El sol apenas se desperezaba sobre los tejados cuando la familia de chigüiros salió del canal de aguas lluvias donde ahora vivía. No era su hábitat original —ni sombra quedaba de las ciénagas donde alguna vez retozaron—, pero era lo que quedaba tras la llegada del concreto.
Mamá chigüira guiaba a los cuatro pequeños con paso decidido. Papá iba detrás, vigilando cada esquina. Su misión era sencilla, pero arriesgada: cruzar la avenida principal para llegar al humedal artificial del parque industrial. Allí crecían algunas hierbas frescas que les recordaban a casa.
En la primera esquina, un perro callejero los olfateó y ladró sin cesar. Los carros pasaban sin parar. En la segunda, una valla de obra impedía el paso. En la tercera, el olor a asfalto nuevo los hizo retroceder. Pero no se rindieron.
—Esperaremos la madrugada, cuando los humanos duermen —dijo papá, con voz firme—. A esa hora, quizás la ciudad nos preste un silencio.
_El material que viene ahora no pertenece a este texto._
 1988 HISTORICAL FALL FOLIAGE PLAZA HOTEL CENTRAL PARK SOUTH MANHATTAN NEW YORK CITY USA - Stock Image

A las 4:12 a. m., la avenida estaba casi vacía. Un camión solitario brillaba a lo lejos. La familia avanzó. Uno, dos, tres pasos sobre el pavimento. El sonido de neumáticos les erizó el lomo. El camión no frenaba. Mamá chigüira se detuvo. Cubrió con su cuerpo a los pequeños. Todo fue un instante de ruido, luces y frenos.
Pero no hubo atropello. El camión se detuvo a escasos centímetros. El conductor bajó, temblando, y se sentó en la acera. Nunca había visto chigüiros tan cerca. Uno de los pequeños se le acercó curioso, olisqueando el aire.
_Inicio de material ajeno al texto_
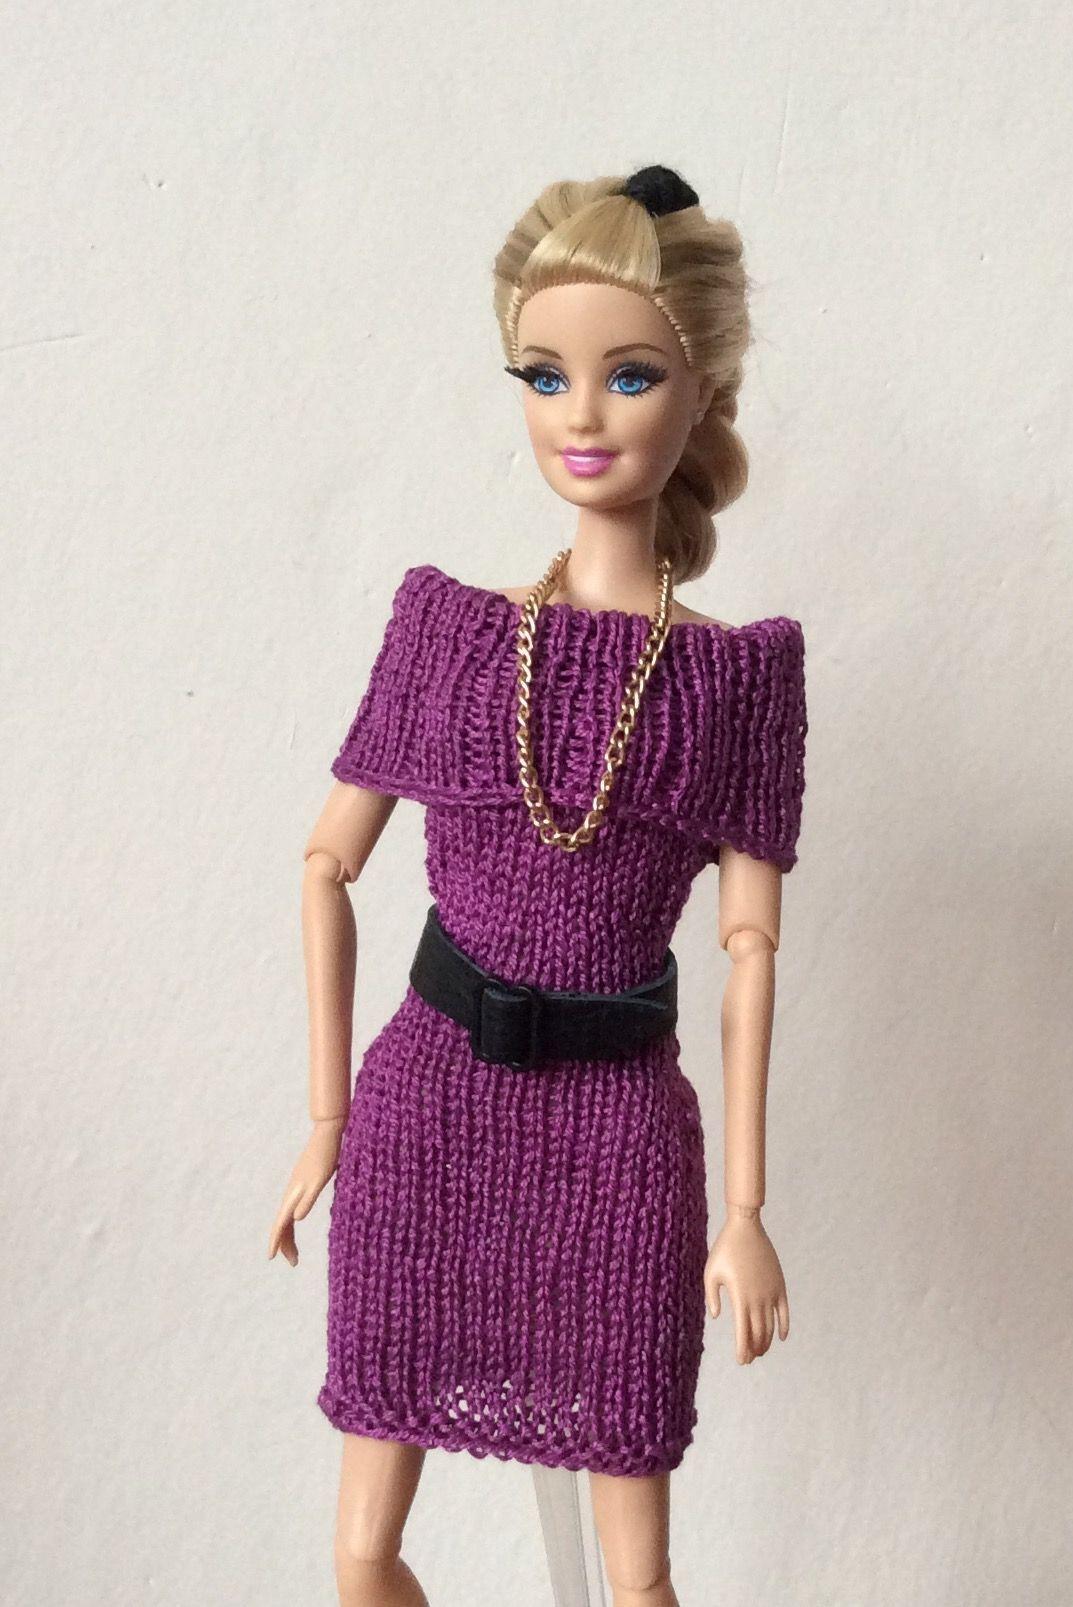 Pin de Hortenza en Poupées | Pinterest | Barbie, Dos agujas y Ropa ...

—¿Qué hacen ustedes aquí? —preguntó en voz baja—. Esto no es lugar para animales tan nobles.
A la semana siguiente, aparecieron marcas amarillas en la vía: “Cruce de fauna. Reduzca la velocidad”. Y junto a ellas, una familia de peluches de chigüiro, amarrada a la baranda, que algún vecino había puesto con un cartel: “Ellos también tienen derecho a pasar.”
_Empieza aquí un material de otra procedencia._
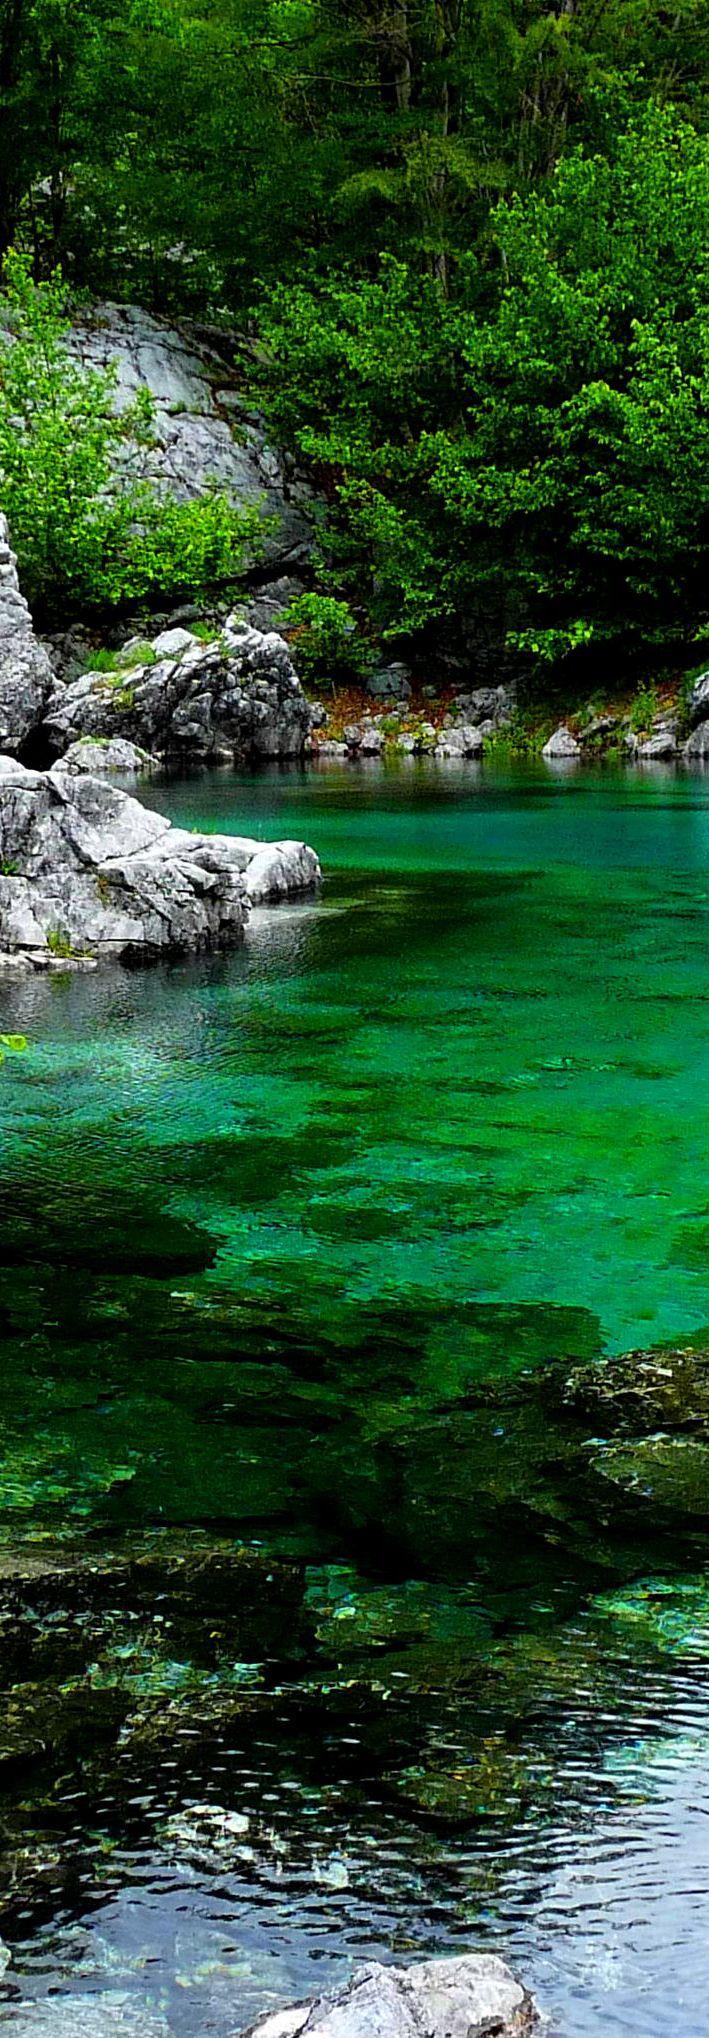 Valbona Valley. Valbona, Albania. Valbona National Park, Northeastern Albanian Alps, will undergo in UNESCO's protection.

No todos los vehículos reducían la velocidad. No todos miraban. Pero algunos sí. Y eso, para una especie en exilio, podía significar la diferencia entre la vida y el olvido.
Moraleja: La vía no es solo de quienes manejan. La ciudad también debe aprender a convivir con quienes no tienen bocina ni motor, pero sí el derecho a seguir existiendo.